Bir taraftan zühd ve nefis terbiyesine ağırlık vererek kısa zamanda önemli mesâfeler kateden Hazret, diğer taraftan 1233 milâdî yılında Şam'a gelmiş olan Mevlânâ Celâleddîn-i Rûmî Hazretleri ile buluşmuş ve onunla yedi yıl boyunca Tasavvufî meseleler hakkında konuşmuştur.

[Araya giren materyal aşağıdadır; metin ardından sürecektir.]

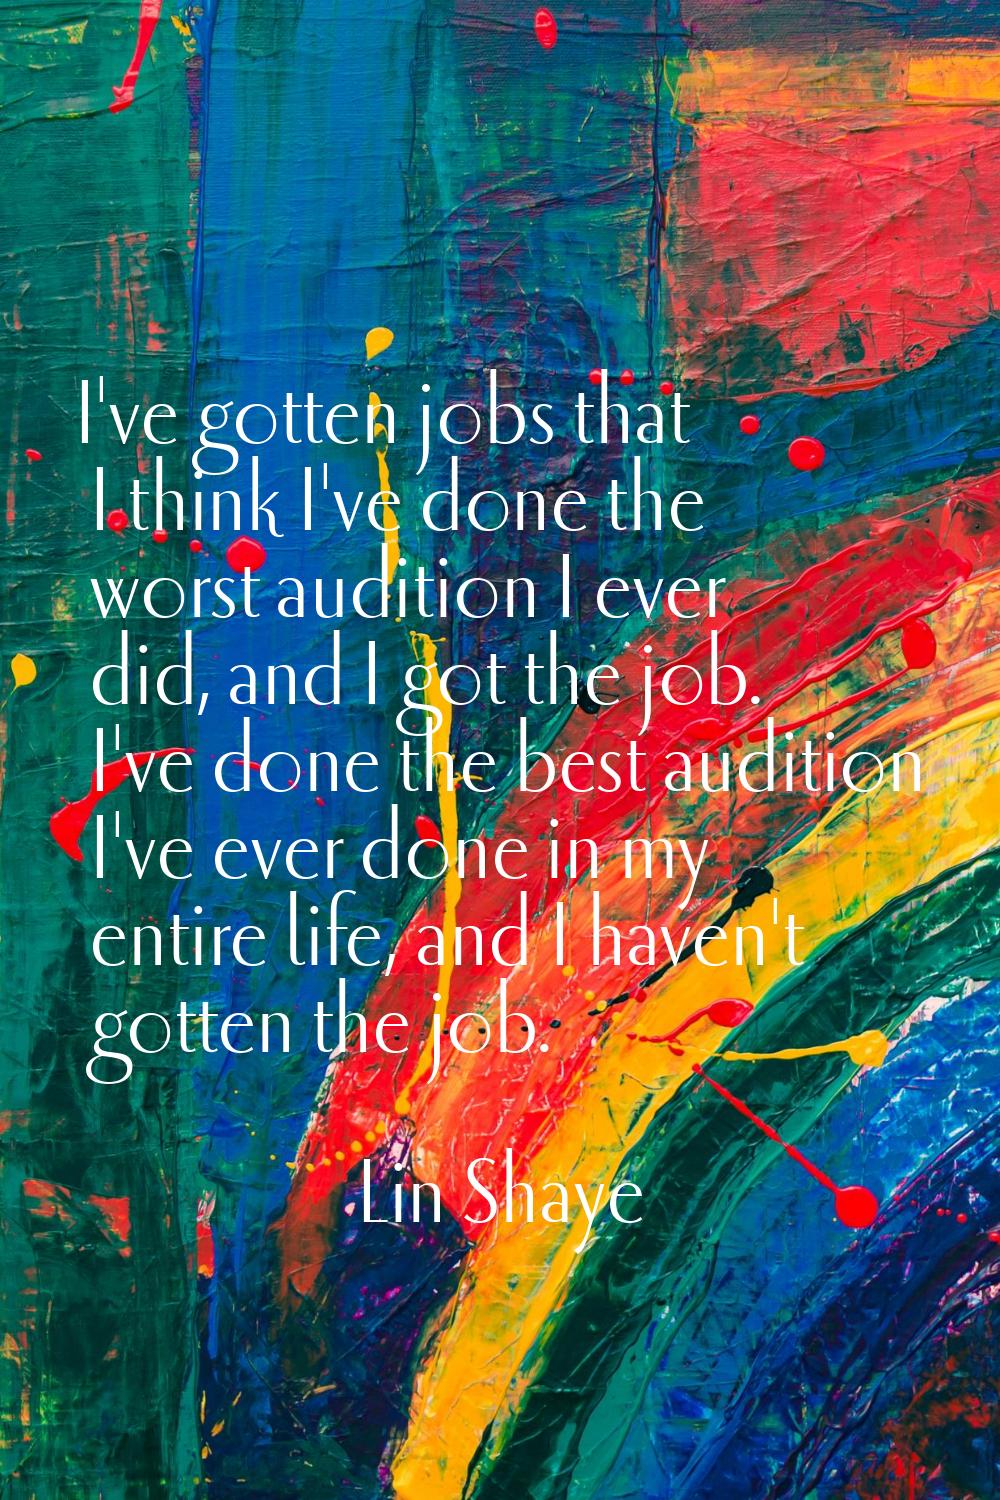 I've gotten jobs that I think I've done the worst audition I ever did, and I got the job. I've done

Moğol istilâsı esnâsında yaşadığı bölgeden ayrılarak, Anadolu topraklarına yerleşmek zorunda kalan Sa'deddîn el-Hamevî -kuddise sırruh- Hazretleri, bu bölgede "Kübreviyye" tarîkatının yayılmasında önemli bir rol oynamıştır.
Hâtemü'l-evliyâ'nın alâmet ve vasıfları hakkında "Risâle fî Zuhûr-ı Hâtemü'l-Velâye" adı altında, küçük fakat son derece mühim bir risâle kaleme alan Hazret, bu risâlede rûhî yapısından mânevî hakîkatine ve icrâ edeceği büyük vazîfeye varıncaya kadar, "Hâtemü'l-evliyâ" ile ilgili çarpıcı ifşaatlar kaleme almıştır.
Sa'deddîn el-Hamevî -kuddise sırruh- Hazretleri "Risâle fî Zuhûr-ı Hâtemü'l-Velâye" adlı eserinde, âhir zamanda geleceği bildirilen Hâtemü'l-evliyâ'nın alâmet ve vasıflarını ayrıntılı bir biçimde ele almış ve bu alâmetlerin tespiti hususunda şüphe ve tereddüte yer bırakmamıştır.
Cismî hususiyetleri pek çok velîden gizli tutulan, daha çok makâmı ve vasıflarıyla tanınan Hâtemü'l-evliyâ'nın kim olduğu hususunda, içinde müellife ait içtihâdî bazı tespitler bulunmakla birlikte; eser âhir zamanda zuhur edeceğinde şüphe olmayan "Hâtemü'l-evliyâ"nın vazifesi ve alâmetleri hakkında gerçekten önemli ipuçları sunmakta ve oldukça mühim sırların kapısını aralamaktadır.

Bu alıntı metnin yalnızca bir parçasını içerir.